Monday, August 19, 2013

Relient K: Relient K (2000)



Tracks:
  1. Hello McFly
  2. My Girlfriend
  3. Wake Up Call
  4. Benediction
  5. When You're Around
  6. Softer to Me
  7. Charles in Charge
  8. Staples
  9. Anchorage
  10. 17 Magazine
  11. Balloon Ride
  12. Everything Will Be
  13. Nancy Drew
  14. K Car
I've always loved pop music.  If you've been reading this blog, you know I have an ear for that hard-to-define yet unmistakable thing called a "pop hook."  I'm not enough of a musical scholar to define what it is, but I know it when I hear it, and when I'm still humming it ten minutes later.   Good music is good music, and if it's a three-minute radio-friendly single, I'm down with it.  But I like a great gritty guitar riff, too.  I love fat bass, heavy drumming, and screaming vocals.   If it's hard and heavy and moves me--which is not easily done--I will rock out.  I may look like a fool as I'm doing it, but rocking out does happen.  

So when bands like Badfinger, Big Star, the Sweet, and Tom Petty & the Heartbreakers started putting pop and rock together together in the 70s, a genetic hybrid was forged that slammed its way into my heart like a sweetly-yet-firmly strummed power chord.  Thus is my long love affair with Power Pop.  I like melody, and I like loud, pounding rhythms, and with some sweet harmonies on top, I can find true bliss.  As far as Christian bands go, there have been a few bands that have moved me (All Star United, PlankEye), but if there is a true master of the genre for the 21st century, I would nominate Ohio's own Relient K.
They have all the necessary elements for great power pop: two loud, heavy guitars, big bass sound, full-throttle drumming.  Then they mix in sweet-voiced and idealistic-sounding singer in guitarist Matt Thiessen, who's also ready to play the piano if the mood demands it.  And when the band (Matt Hoopes, Brian Pittman, and Stephen Cushman) joins in three-part choirboy harmony, Magic!  An uncanny gift for writing brilliant melodies and wedding them to quirky, pop culture-friendly lyrics that speak of Jesus Christ frequently finishes the picture brilliantly.

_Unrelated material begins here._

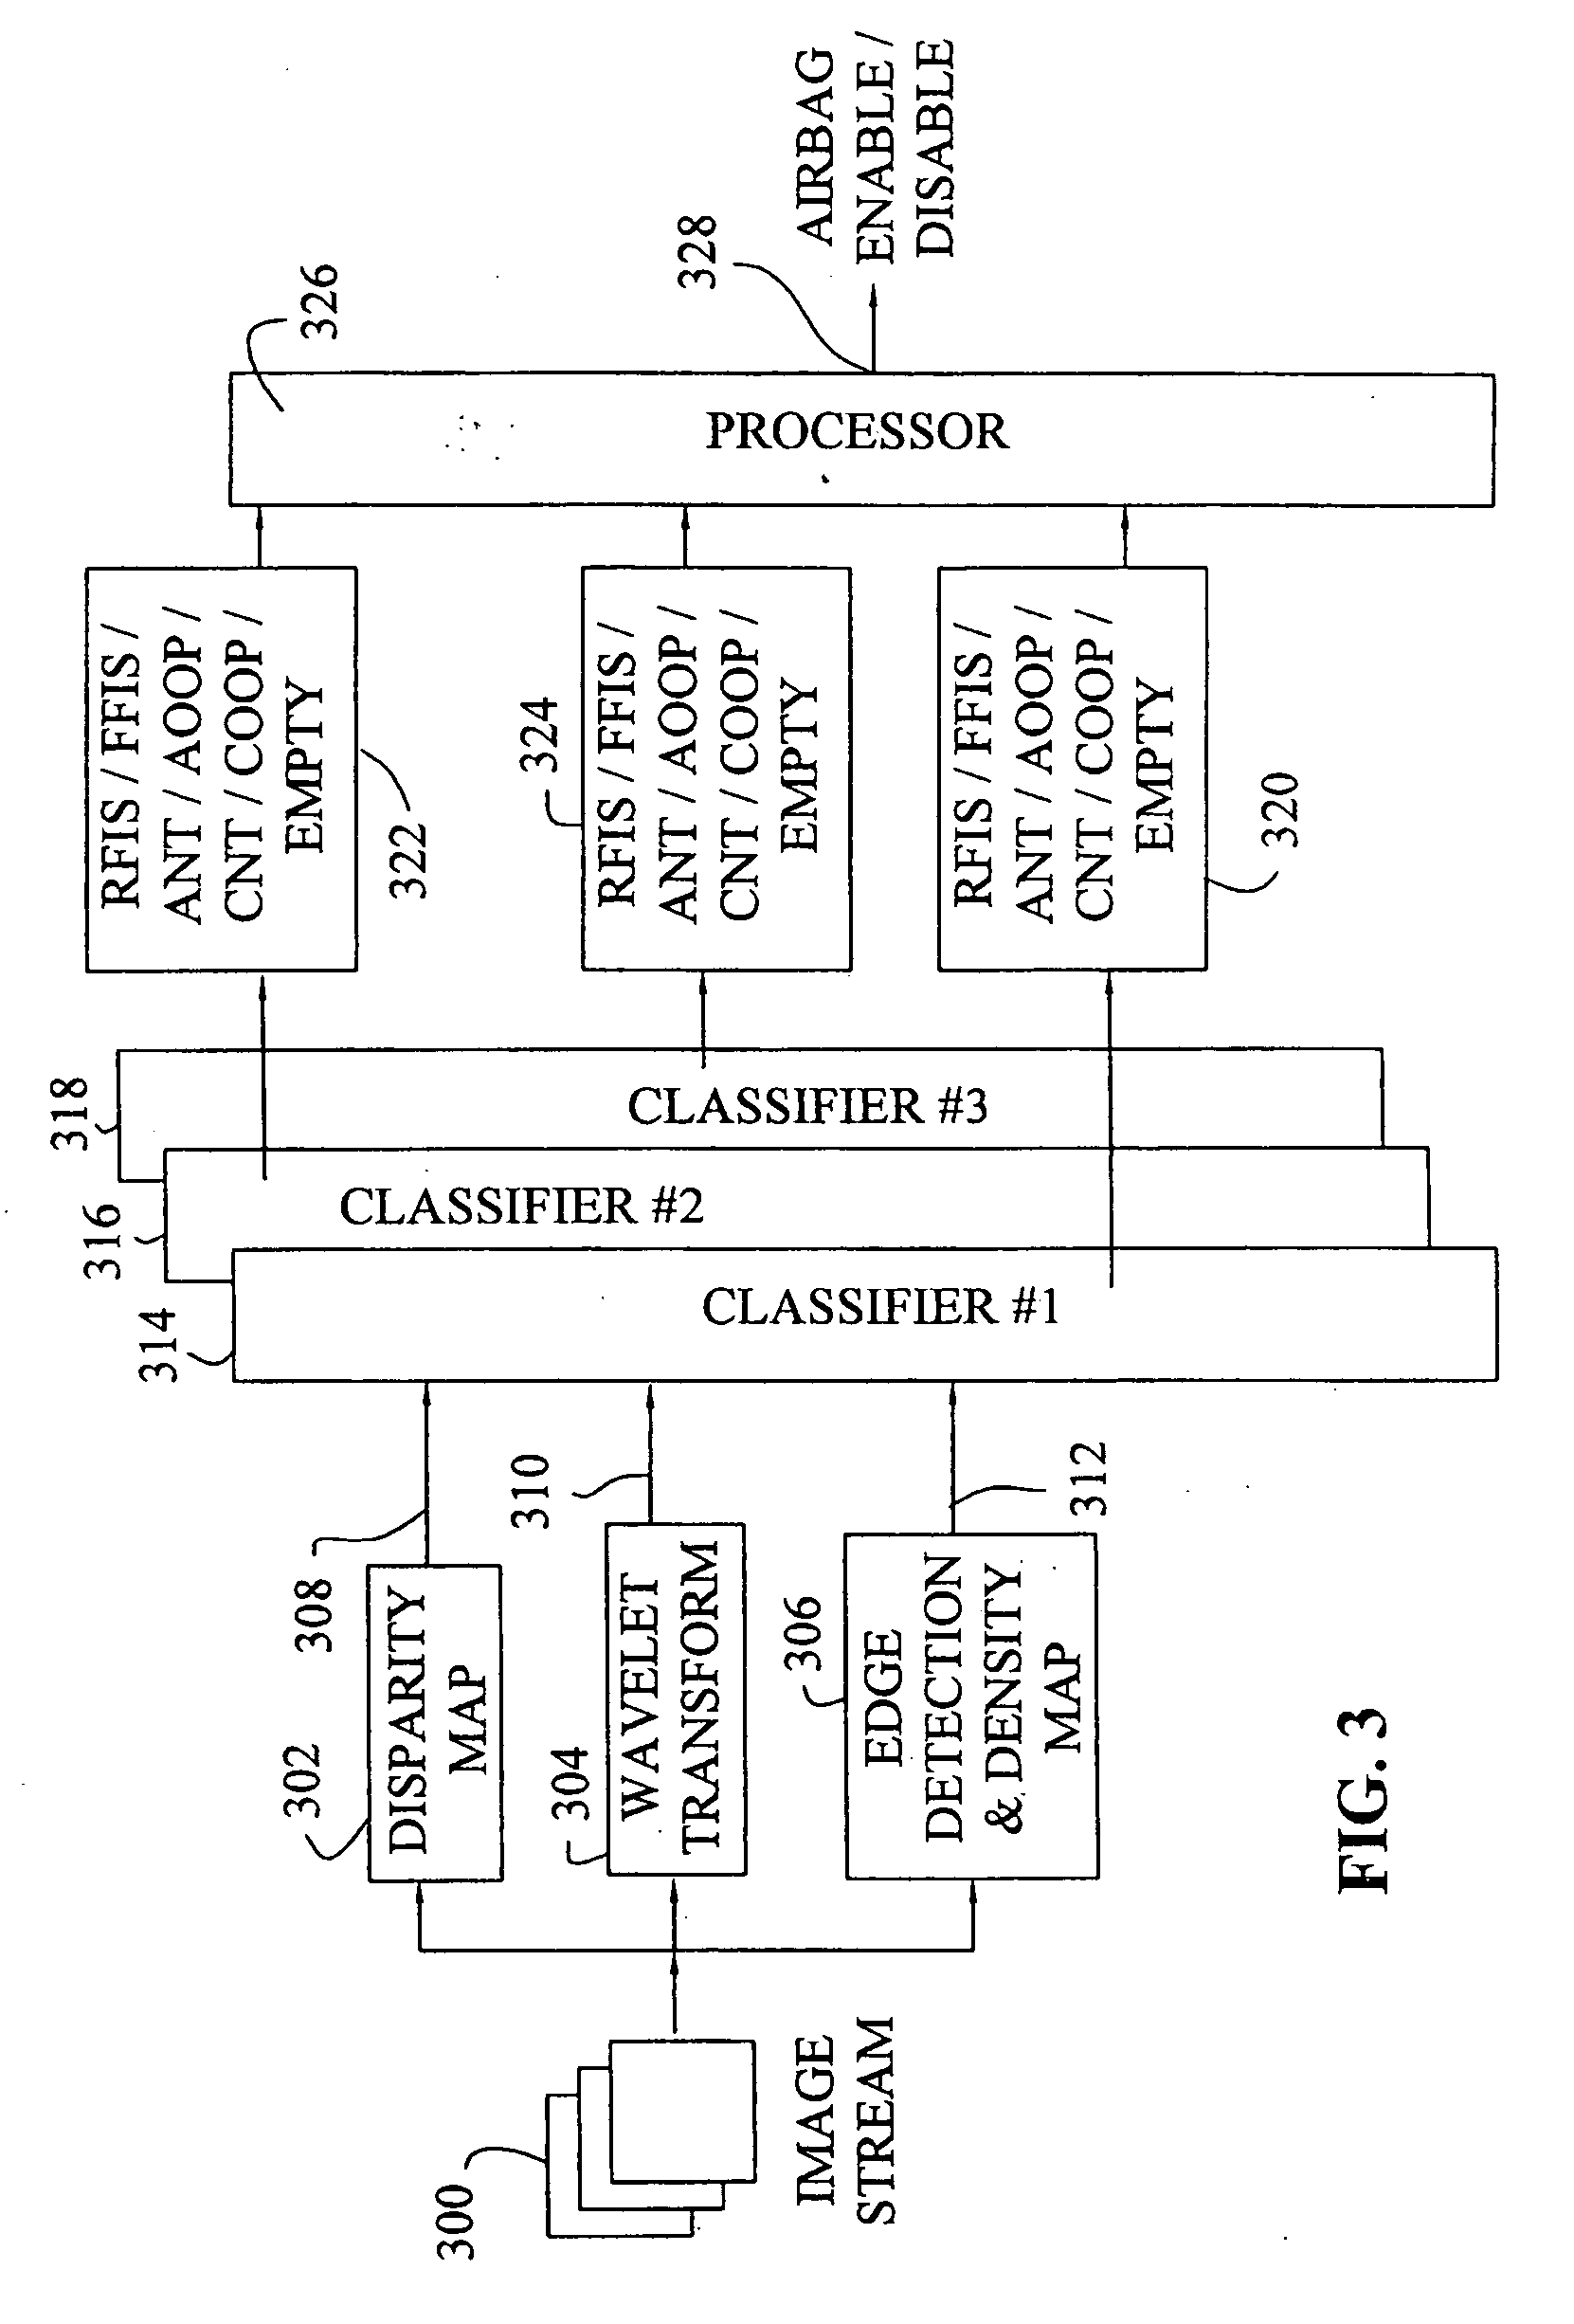 Method and apparatus for recognizing the position of an occupant in a vehicle

With their self-titled debut, the K establish themselves quickly as masters of beautiful noise.  The big three hits that broke them on radio were "My Girlfriend" (As in Marilyn Manson Ate..), "Wake Up Call," and "Softer to Me."  The first is preceded on the record by Gotee Records exec Tobymac leaving a terse message for Thiessen: "A song about Marilyn Manson will never be put out on Gotee Records...ever!!"  It's for a laugh, of course, but referencing someone so antithetical to Christian values could be seen as somewhat controversial.   "Wake up Call" is driven my a rapidly-strummed acoustic and has references to Wendy's and Matchbox 20.  "Softer to Me" starts out in typical aggressively sunny fashion then breaks on the chorus into a slower, mellower tune, then ramps it up on the verses.  All three are bright, melody-driven angst confessionals that hook the listener with the melodies and power.

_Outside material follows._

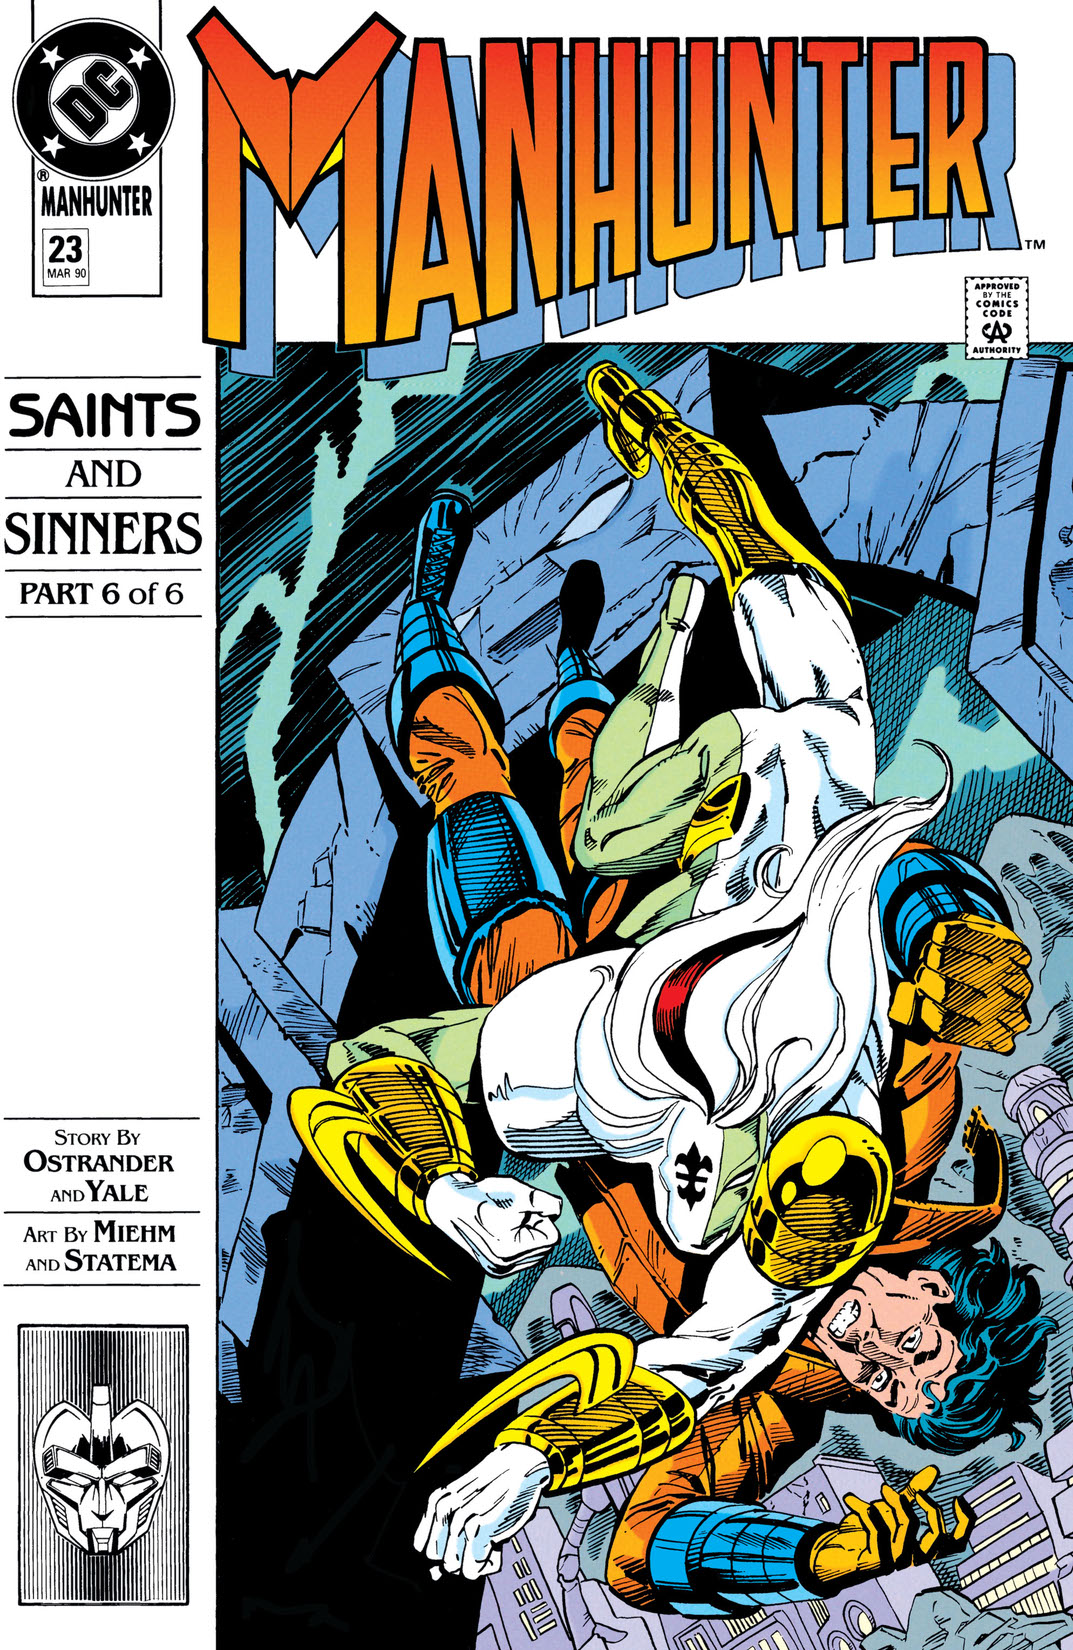 Manhunter (1988-1990) #23 preview images

But there's more three-minute dramedies to be revealed.  The opening track "Hello McFly" derives its title from a harmony background vocal, but the meat of the song is the singer's wish to go back in time a la Michael J Fox and undo some emotional damage.  "Nancy Drew" references the titular mystery solver as an object of somewhat obsessive affection, and "17 Magazine" looks to the teen rag as a source of wisdom and knowledge--ironically, of course.  And perhaps the most gooey pop culture relic dragged out is their cover of the theme from "Charles in Charge," complete with spoken bits from Willie "Buddy" Aames.

With all of these cheeky name-checks and fantasies, you would think that either A) Thiessen & Co. are really a bunch of media-obsessed geeks who just happened to have figured out power chords over bowls of Cheerios on a Saturday morning, or B) they're a bunch a jaded hipsters who treat all of these odes to innocence and childhood as ironic filler for "serious" spiritual lessons nestled in sweet candy coatings.   Actually, it might be little of both.  There's nothing to indicate that the guys are jaded or hiding any dark disdain beneath their cutesy melodies and "sha-la-la" vocal chants.  There's just enough sophistication in their fun-size compositions to reveal some real understanding of great pop music.  But there's also a clear view to a world beyond TV shows, magazines, and mystery novels.  They use these references as windows for the real world of invisible and infallible truths.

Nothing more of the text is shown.